5.1. Final warning letter - you will commence action if you do not hear within 7 days - this helps establish that the debtor accepts the debt.

5.2. Obtain a County Court Summons form from your local court; issue a copy of it with all details correctly filled in. (We are amazed at how many people go to the bother of issuing half filled out forms!)

5.3. Tell the debtor you will issue the summons in 5 working days unless they pay. If this fails:

5.4. Issue the summons to the court. After judgment is granted call the debtor for the money. If this fails:

5.5. Proceed with a warrant of execution - basically an instruction to the court to collect the money (they send a bailiff to do this). If this fails:

5.6. Consider a winding up petition if the debtor is a company or a bankruptcy petition if the debtor is a sole trader or individual.

5.7. Up to the last step above this is a relatively inexpensive way of debt collecting

6.Build a collection system, use "Sage" or other accounts package or use a manual system with trigger dates for every invoice.

7.Charge interest – its your money.

8.Go to the customer's premises and demand to meet the owner, MD or finance director. Say you will not leave until the company gives you a cheque, even if its post dated.

Remember a good customer who does not pay is not a good customer long term!

Tuesday, 8 April 2014

Paul Simon administration: 17 stores to close

The home furnishings retailer which went into administration last week will have to close 17 stores, say administrators from Deloitte.

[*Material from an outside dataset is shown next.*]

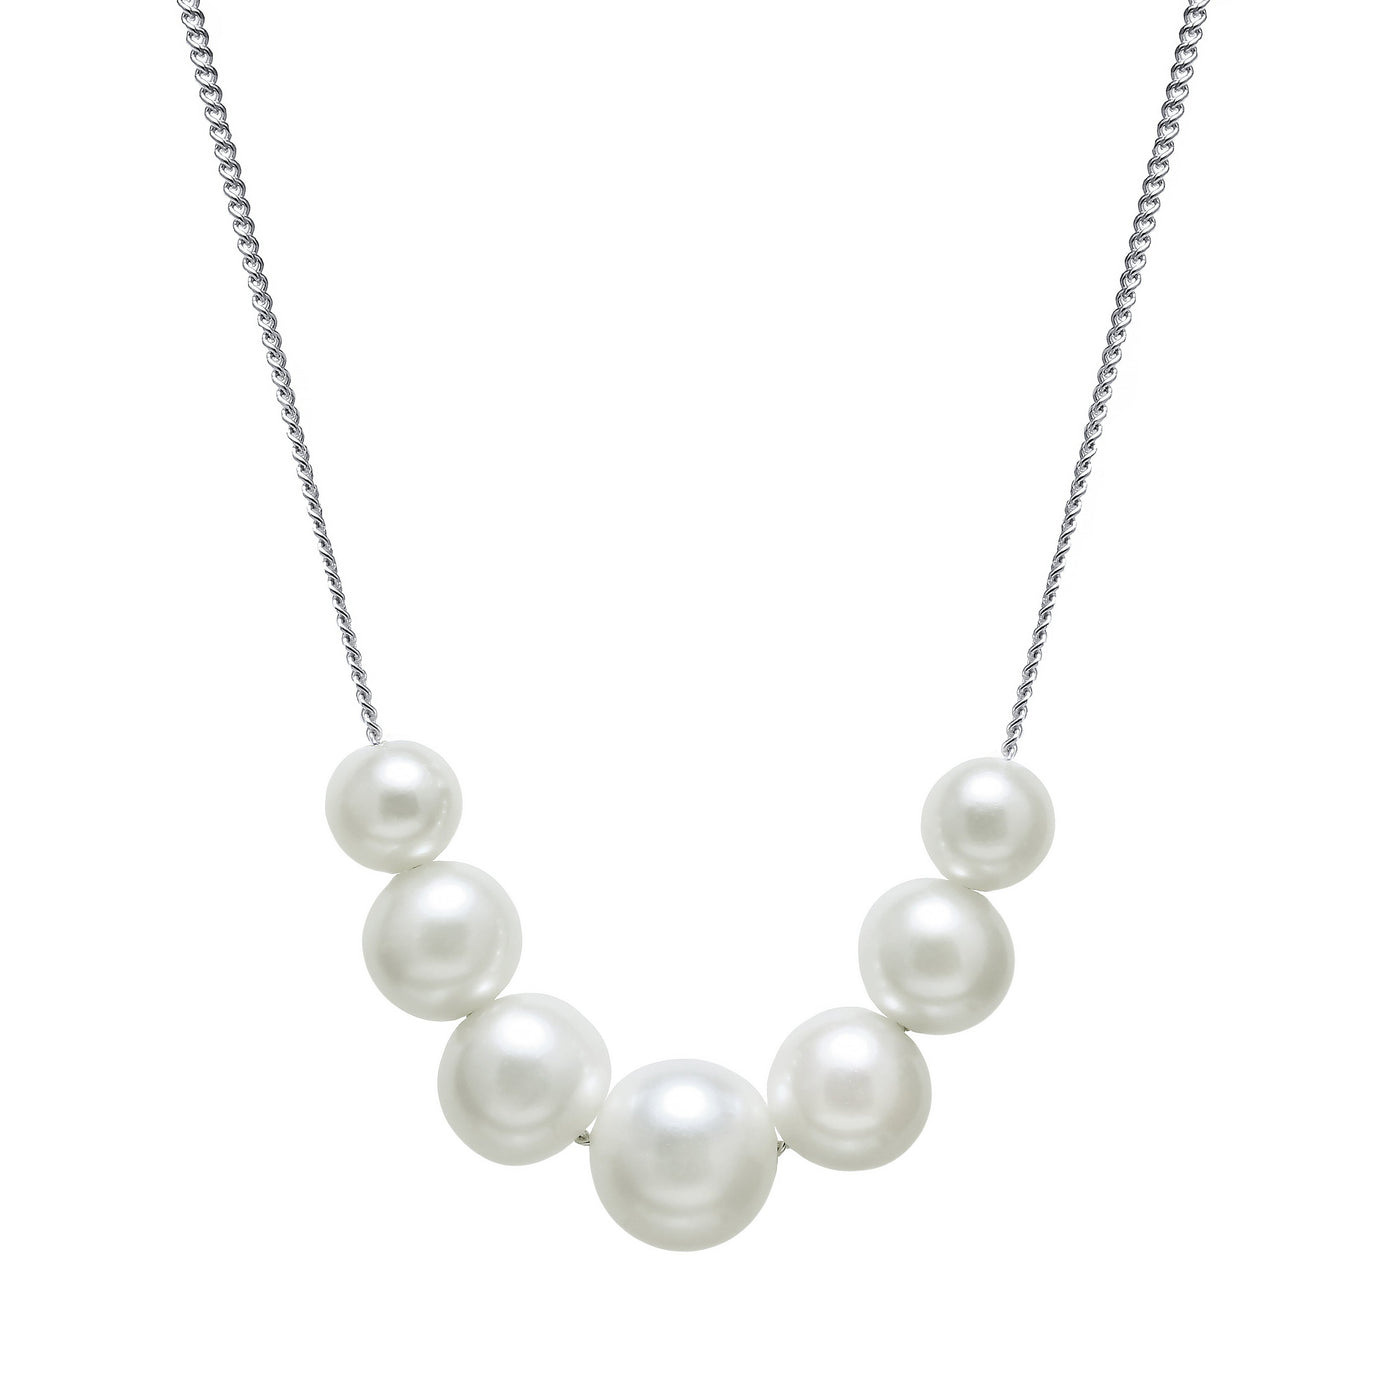 Graduated White Cultured Pearl Sterling Silver Necklace

The company which specialises in carpets, curtains and furniture and has 51 stores, mainly in the South and South East, called in administrators last week after the impact of the recent floods led to decline in sales and cashflow problems. Together with this and already difficult economic conditions, the retailer felt administration was the best way to safe-guard the business while restructuring plans were prepared.

Lee Manning and Nick Edwards were appointed joint administrators on the 2nd April and have since come to the decision to close 17 loss-making stores in the next three weeks to encourage a sale for all or parts of the business as a going concern.

The following stores will be closing:
  • Aylesbury
  • Banbury
  • Bedford
  • Bournemouth
  • Daventry
  • Dunstable
  • Gillingham
  • Great Yarmouth
  • Luton
  • Margate
  • Portsmouth
  • Reading
  • Sittingbourne,
  • Strood
  • Wimbledon
  • Worcester
  • Worthing
If you are an employee of the retailer and you're concerned about the future, please have a look at our video on employee rights in insolvency. Contact Deloitte who are handling the administration if you have any specific questions

Monday, 7 April 2014

Employment Allowance is open for business

From yesterday (6th April 2014), around 1.25 million businesses and charities will now be able to benefit from Employment Allowance. Employers can reduce National Insurance contributions (NIC) by up to £2000, paying less or in deed nothing to HMRC for their employees.

If you pay less that £2000 every year in NIC, you will no longer need to pay anything.  It’s estimated around 450,000 businesses can now stop making payments.

Any businesses, charities and amateur sports clubs that pay class 1 National Insurance contributions are eligible – use the government’s handy calculator to check how the allowance affects your business. Note that public authorities cannot claim. Furthermore, if you are in a group of companies, only one company is entitled to the allowance.

You can use your current payroll software to claim.

This is great news for small businesses and is a welcoming approach from the government to help alleviate financial struggle.